_INFORMATION SUPPLIED_
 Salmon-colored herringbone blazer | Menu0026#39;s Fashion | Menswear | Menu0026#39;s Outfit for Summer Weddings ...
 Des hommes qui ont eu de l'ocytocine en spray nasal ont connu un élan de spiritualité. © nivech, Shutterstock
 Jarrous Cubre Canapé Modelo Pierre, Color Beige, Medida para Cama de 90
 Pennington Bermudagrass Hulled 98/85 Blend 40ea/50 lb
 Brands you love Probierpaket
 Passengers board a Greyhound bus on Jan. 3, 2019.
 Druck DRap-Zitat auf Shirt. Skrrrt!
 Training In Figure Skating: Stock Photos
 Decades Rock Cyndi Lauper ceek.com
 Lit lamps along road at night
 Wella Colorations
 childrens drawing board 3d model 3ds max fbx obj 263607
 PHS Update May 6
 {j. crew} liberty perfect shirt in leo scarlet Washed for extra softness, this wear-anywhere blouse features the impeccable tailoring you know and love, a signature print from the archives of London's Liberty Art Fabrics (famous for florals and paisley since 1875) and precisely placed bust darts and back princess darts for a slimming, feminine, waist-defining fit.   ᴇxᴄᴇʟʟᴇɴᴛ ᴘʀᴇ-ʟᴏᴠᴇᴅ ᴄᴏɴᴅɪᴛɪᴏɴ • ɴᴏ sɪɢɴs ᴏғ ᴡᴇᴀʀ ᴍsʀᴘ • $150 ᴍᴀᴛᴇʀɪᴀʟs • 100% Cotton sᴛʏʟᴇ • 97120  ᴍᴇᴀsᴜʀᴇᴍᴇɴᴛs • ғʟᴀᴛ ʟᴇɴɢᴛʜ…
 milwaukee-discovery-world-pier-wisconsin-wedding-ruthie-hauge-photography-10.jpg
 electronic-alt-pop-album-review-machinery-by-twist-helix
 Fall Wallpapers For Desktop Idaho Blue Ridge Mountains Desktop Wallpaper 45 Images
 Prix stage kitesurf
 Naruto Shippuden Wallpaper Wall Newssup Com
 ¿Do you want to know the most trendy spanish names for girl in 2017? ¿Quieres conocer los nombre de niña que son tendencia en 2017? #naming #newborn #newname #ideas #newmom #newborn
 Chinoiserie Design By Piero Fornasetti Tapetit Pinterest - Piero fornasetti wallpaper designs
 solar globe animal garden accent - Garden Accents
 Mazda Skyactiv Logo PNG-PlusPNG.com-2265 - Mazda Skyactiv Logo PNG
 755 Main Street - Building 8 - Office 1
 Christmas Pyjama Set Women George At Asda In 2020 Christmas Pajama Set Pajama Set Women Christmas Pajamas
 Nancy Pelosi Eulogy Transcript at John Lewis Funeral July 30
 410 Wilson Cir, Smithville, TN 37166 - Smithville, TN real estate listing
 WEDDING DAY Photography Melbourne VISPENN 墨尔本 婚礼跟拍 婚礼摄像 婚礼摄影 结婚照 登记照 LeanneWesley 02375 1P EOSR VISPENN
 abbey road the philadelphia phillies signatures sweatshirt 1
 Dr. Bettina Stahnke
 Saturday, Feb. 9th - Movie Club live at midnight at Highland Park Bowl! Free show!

_WHAT IS NEEDED_
Using the entries above, print each one again without any alteration.

_EXERCISE SOLUTION_
 Salmon-colored herringbone blazer | Menu0026#39;s Fashion | Menswear | Menu0026#39;s Outfit for Summer Weddings ...
 Des hommes qui ont eu de l'ocytocine en spray nasal ont connu un élan de spiritualité. © nivech, Shutterstock
 Jarrous Cubre Canapé Modelo Pierre, Color Beige, Medida para Cama de 90
 Pennington Bermudagrass Hulled 98/85 Blend 40ea/50 lb
 Brands you love Probierpaket
 Passengers board a Greyhound bus on Jan. 3, 2019.
 Druck DRap-Zitat auf Shirt. Skrrrt!
 Training In Figure Skating: Stock Photos
 Decades Rock Cyndi Lauper ceek.com
 Lit lamps along road at night
 Wella Colorations
 childrens drawing board 3d model 3ds max fbx obj 263607
 PHS Update May 6
 {j. crew} liberty perfect shirt in leo scarlet Washed for extra softness, this wear-anywhere blouse features the impeccable tailoring you know and love, a signature print from the archives of London's Liberty Art Fabrics (famous for florals and paisley since 1875) and precisely placed bust darts and back princess darts for a slimming, feminine, waist-defining fit.   ᴇxᴄᴇʟʟᴇɴᴛ ᴘʀᴇ-ʟᴏᴠᴇᴅ ᴄᴏɴᴅɪᴛɪᴏɴ • ɴᴏ sɪɢɴs ᴏғ ᴡᴇᴀʀ ᴍsʀᴘ • $150 ᴍᴀᴛᴇʀɪᴀʟs • 100% Cotton sᴛʏʟᴇ • 97120  ᴍᴇᴀsᴜʀᴇᴍᴇɴᴛs • ғʟᴀᴛ ʟᴇɴɢᴛʜ…
 milwaukee-discovery-world-pier-wisconsin-wedding-ruthie-hauge-photography-10.jpg
 electronic-alt-pop-album-review-machinery-by-twist-helix
 Fall Wallpapers For Desktop Idaho Blue Ridge Mountains Desktop Wallpaper 45 Images
 Prix stage kitesurf
 Naruto Shippuden Wallpaper Wall Newssup Com
 ¿Do you want to know the most trendy spanish names for girl in 2017? ¿Quieres conocer los nombre de niña que son tendencia en 2017? #naming #newborn #newname #ideas #newmom #newborn
 Chinoiserie Design By Piero Fornasetti Tapetit Pinterest - Piero fornasetti wallpaper designs
 solar globe animal garden accent - Garden Accents
 Mazda Skyactiv Logo PNG-PlusPNG.com-2265 - Mazda Skyactiv Logo PNG
 755 Main Street - Building 8 - Office 1
 Christmas Pyjama Set Women George At Asda In 2020 Christmas Pajama Set Pajama Set Women Christmas Pajamas
 Nancy Pelosi Eulogy Transcript at John Lewis Funeral July 30
 410 Wilson Cir, Smithville, TN 37166 - Smithville, TN real estate listing
 WEDDING DAY Photography Melbourne VISPENN 墨尔本 婚礼跟拍 婚礼摄像 婚礼摄影 结婚照 登记照 LeanneWesley 02375 1P EOSR VISPENN
 abbey road the philadelphia phillies signatures sweatshirt 1
 Dr. Bettina Stahnke
 Saturday, Feb. 9th - Movie Club live at midnight at Highland Park Bowl! Free show!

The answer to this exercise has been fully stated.